For the full documentation of the CRUD interface of the '/entity' endpoint of a ManagedSite please have a look at the RESTful API documentation served by the Web UI of the Stanbol Entityhub.
Configuration of ManagedSites
Currently their is a single implementation of the ManagesSite interface that uses a Yard
instance for managing the entities.
For using a YardSite users need to configure two Services:
- Yard: The Entityhub currently includes three different Yard implementations. The SolrYard, ClerezzaYard and SesameYard. The SolrYard is optimal for the use with the Stanbol Enhancer as it allows very fast label based retrieval of Entities.

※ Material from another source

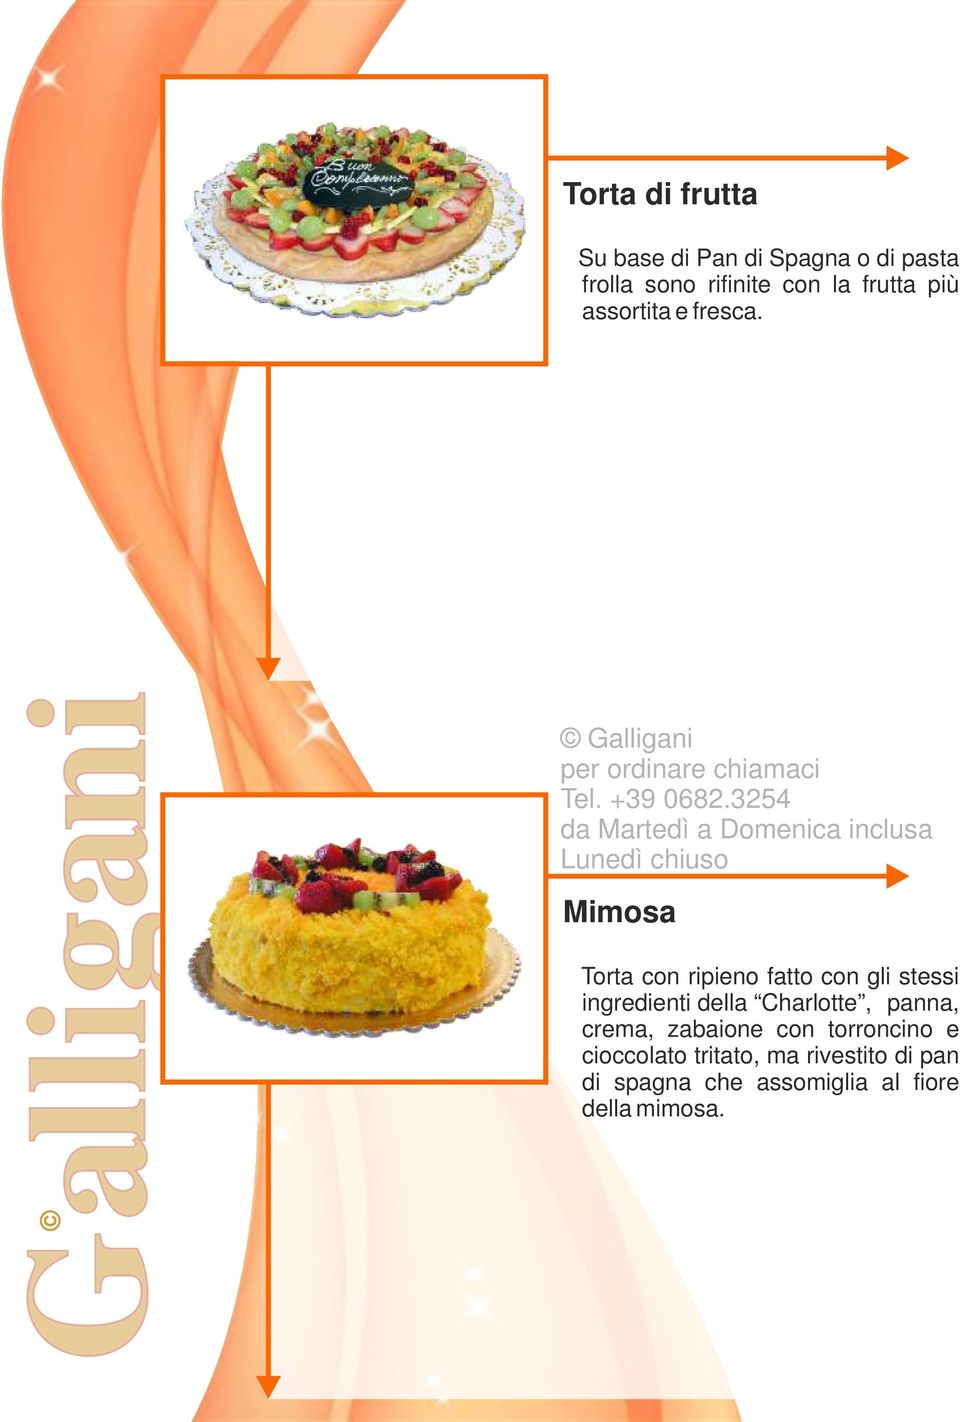 Mimosa Torta con ripieno fatto con gli stessi ingredienti della Charlotte,

So if you plan to use the ManagedSite primarily with the Stanbol Enhancer this is definitely the Yard implementation to choose. The ClerezzaYard and the SesameYard store the managed Entities within a TripleStore. Both are not very efficient for label based lookups as required by the Entity Linking engines of the Stanbol Enhancer. But they are well suited for more data focused use cases as well as for the use with the Entity Dereference Engines.
- YardSite: This configures the ManagedSite. This configuration links to the configured Yard via its id.
Configuration of a SolrYard:
This describes how to configure an SolrYard to be used with an YardSite by using the Configuration tab of the Apache Felix Webconsole http://{stanbol-instance}/system/console/configMgr.
The above figure shows a typical SolrYard configuration for a YardSite. Important properties are
- ID: This MUST BE unique to all other Yards. It is recommended to use "{siteId}Yard".
- Solr Index/Core: This is the name of the SolrCore that will be used to store the data. Here it is recommended to use the same name as the {siteId}. This is because the RESTful API of the SolrCore is published under
http://{stanbol-instance}/solr/default/{solrCore}
. So using the same name as {siteId} and {solrCore} makes it easier for map the RESTful API of the SolrCore with the ManagedSite published underhttp://{stanbol-instance}/entityhub/stite/{siteId}
. - Use default SolrCore configuration: If enabled the SolrCore will be automatically created by using the default configuration. Users will typically want to use this option. Only users that want to use a special SolrCore configuration will need to deactivate this option and to provide a
{solrCore}.solrindex.zip
archive containing the special configuration in the{stanbol-workingdir}/stanbol/datafiles
directory. See theManaging Solr Indexes section for detailed information.
Configuration of a ClerezzaYard:
This describes how to configure an ClerezzaYard to be used with an YardSite by using the Configuration tab of the Apache Felix Webconsole http://{stanbol-instance}/system/console/configMgr.
The above figure shows a typical ClerezzaYard configuration for a YardSite. Important properties are
- ID: This MUST BE unique to all other Yards. It is recommended to use "{siteId}Yard".
- Graph URI: This allows to configure the URI of the named graph used to store the RDF data. If a graph with this URL is already present than it will be reused by this Yard. Otherwise an empty graph with this URI is created using the Clerezza TcManager. If this field is empty an URN will be used as default groph URI.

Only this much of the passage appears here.